The DCGM ServiceMonitor must be manually created (see `dcgm-servicemonitor.yaml`):
- **Namespace**: `gpu-operator` (where DCGM exporter runs)
- **Label**: `release: prometheus` (required for Prometheus discovery)
- **Selector**: `app: nvidia-dcgm-exporter`
- **Endpoint**: `gpu-metrics` port with path `/metrics`

## Troubleshooting

### No metrics showing up:
1. Check PodMonitor exists: `kubectl get podmonitor -A`
2. Check pods have metrics label: `kubectl get pods -n <namespace> -l nvidia.com/metrics-enabled=true`
3. Check Prometheus targets: Visit Prometheus UI → Status → Targets

### DCGM metrics missing:
1. Check DCGM exporter running: `kubectl get daemonset -A | grep dcgm-exporter`
2. Check ServiceMonitor exists: `kubectl get servicemonitor -n gpu-operator`
3. Verify `release: prometheus` label on ServiceMonitor

### Prefill queue metrics showing zero:
- These metrics only populate when **remote prefill** requests are processed
- In local-only mode, decode workers handle prefill themselves (no queue)
- Check deployment mode and request routing configuration

### KV Cache metrics only showing decode workers:
**Important Limitation**: In disaggregated mode, prefill workers (`--is-prefill-worker`) do NOT expose `dynamo_component_kvstats_*` metrics.
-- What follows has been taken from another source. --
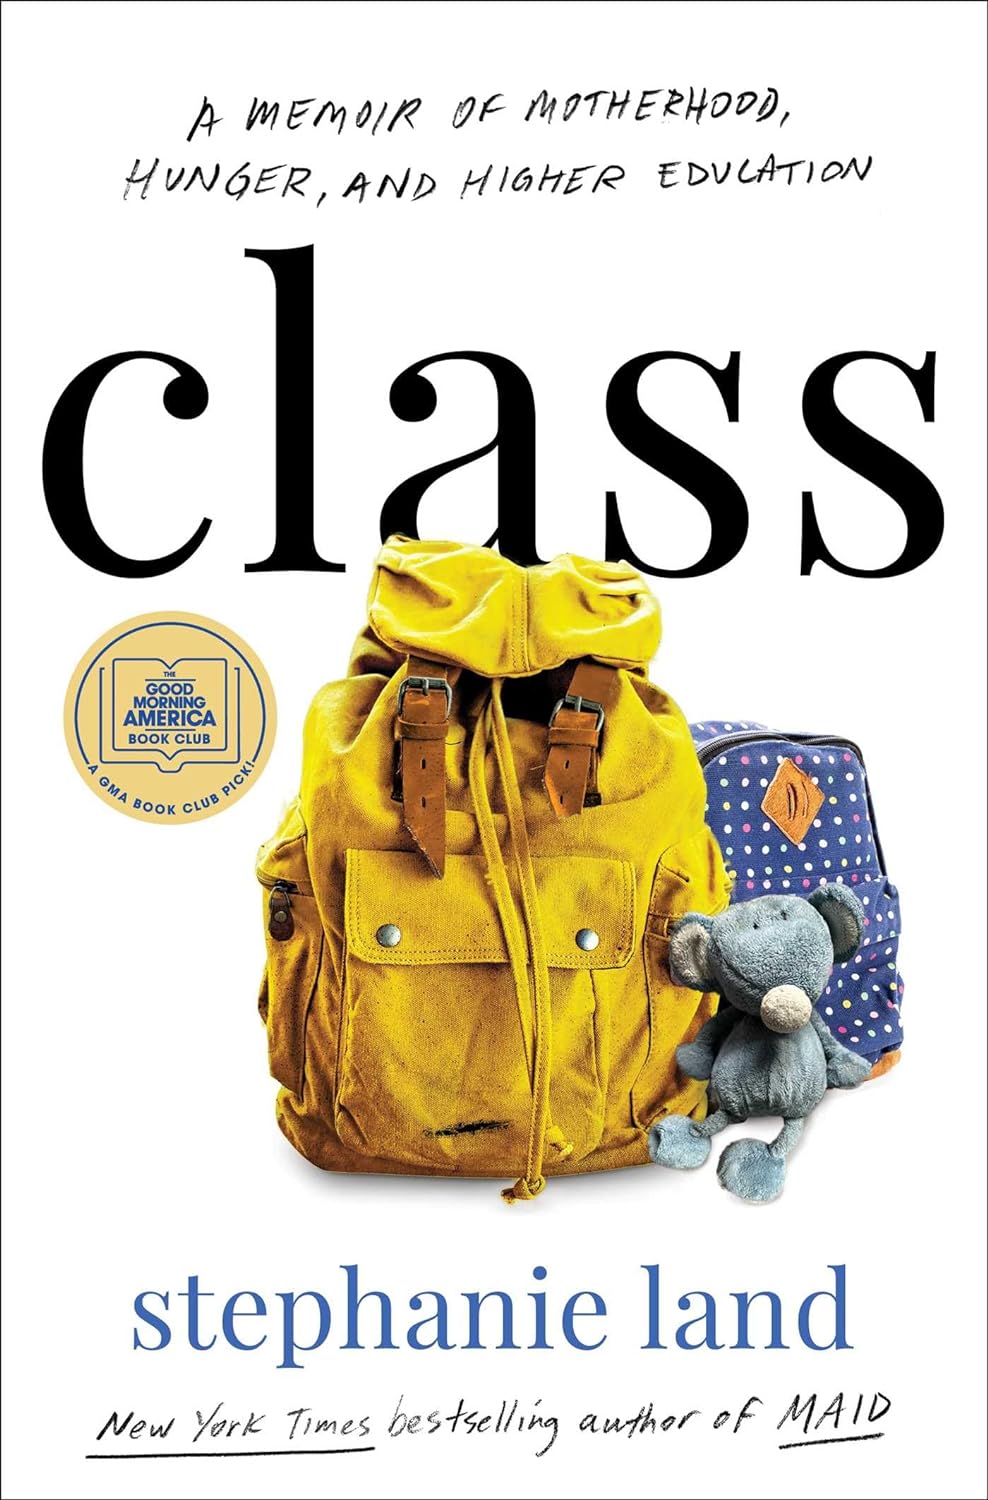 Image for "Class"

Only decode workers expose these.

**Why this happens:**
- Prefill workers transfer KV cache to decode workers via NIXL
- They don't maintain long-term KV cache state
- Only decode workers track KV cache utilization metrics

**How to diagnose prefill worker capacity bottlenecks:**
1. **Check worker logs** for KV cache size at startup:
   ```bash
   kubectl logs -n <namespace> <prefill-worker-pod> | grep "GPU KV cache size"
   # Example output: GPU KV cache size: 254,336 tokens
   ```

2. **Calculate maximum concurrent requests**:
   ```text
   Max Concurrency = KV Cache Size ÷ Tokens Per Request
   # For ISL=8192: 254,336 ÷ 131,072 = 1.94 requests per prefill worker
   ```

3. **Monitor indirect indicators in dashboard**:
   - **Prefill Worker Processing Time**: High avg (>5s) or P99 (>10s) indicates saturation
   - **Frontend Avg TTFT**: If much higher than Prefill Processing Time, indicates queueing
   - **Gap = TTFT - Prefill Processing Time** = Queue wait time

4. **Performance signature of prefill KV cache bottleneck**:
   - Min TTFT is low (1-3s) - proves system CAN be fast
   - Avg/Max TTFT is very high (>30s) - proves requests are queueing
   - Large variance (Max ÷ Min > 20×) - signature of queueing behavior
   - This variance pattern is impossible if the issue was compute-bound - it's the mathematical signature of KV cache capacity bottleneck

### High CPU usage:
1. **Worker CPU Usage showing high values (>30 cores)**:
   - Check if workers have sufficient CPU limits configured
   - May indicate CPU-bound operations (tokenization, scheduling)
   - Compare against GPU utilization - CPU should not be the bottleneck

2. **What's normal?**:
   - vLLM workers use CPU for:
     - Request scheduling and batching
     - Tokenization (input/output processing)
     - KV cache management
     - TCP/gRPC communication (request plane)
   - Expect moderate CPU usage (5-20 cores per worker)
   - GPU compute should dominate, not CPU

## Dashboard Variables

The dashboard uses two template variables for flexibility:

### Datasource Variable
- **Variable**: `${datasource}`
- **Type**: `datasource`
- **Query**: `prometheus`
- **Auto-selects**: Default Prometheus instance
- **Purpose**: Allows the dashboard to automatically connect to your Prometheus instance without hardcoding UIDs

### Namespace Variable
- **Variable**: `${namespace}`
- **Type**: `query`
- **Query**: `label_values(dynamo_frontend_requests_total, namespace)`
- **Purpose**: Allows filtering metrics by Kubernetes namespace (e.g., "robert", "default")
- **Auto-populated**: Dynamically discovers namespaces from frontend pods

**Usage**: All dashboard queries filter by `namespace="$namespace"` to show metrics for the selected deployment. You can switch between different Dynamo deployments in different namespaces using the namespace dropdown at the top of the dashboard.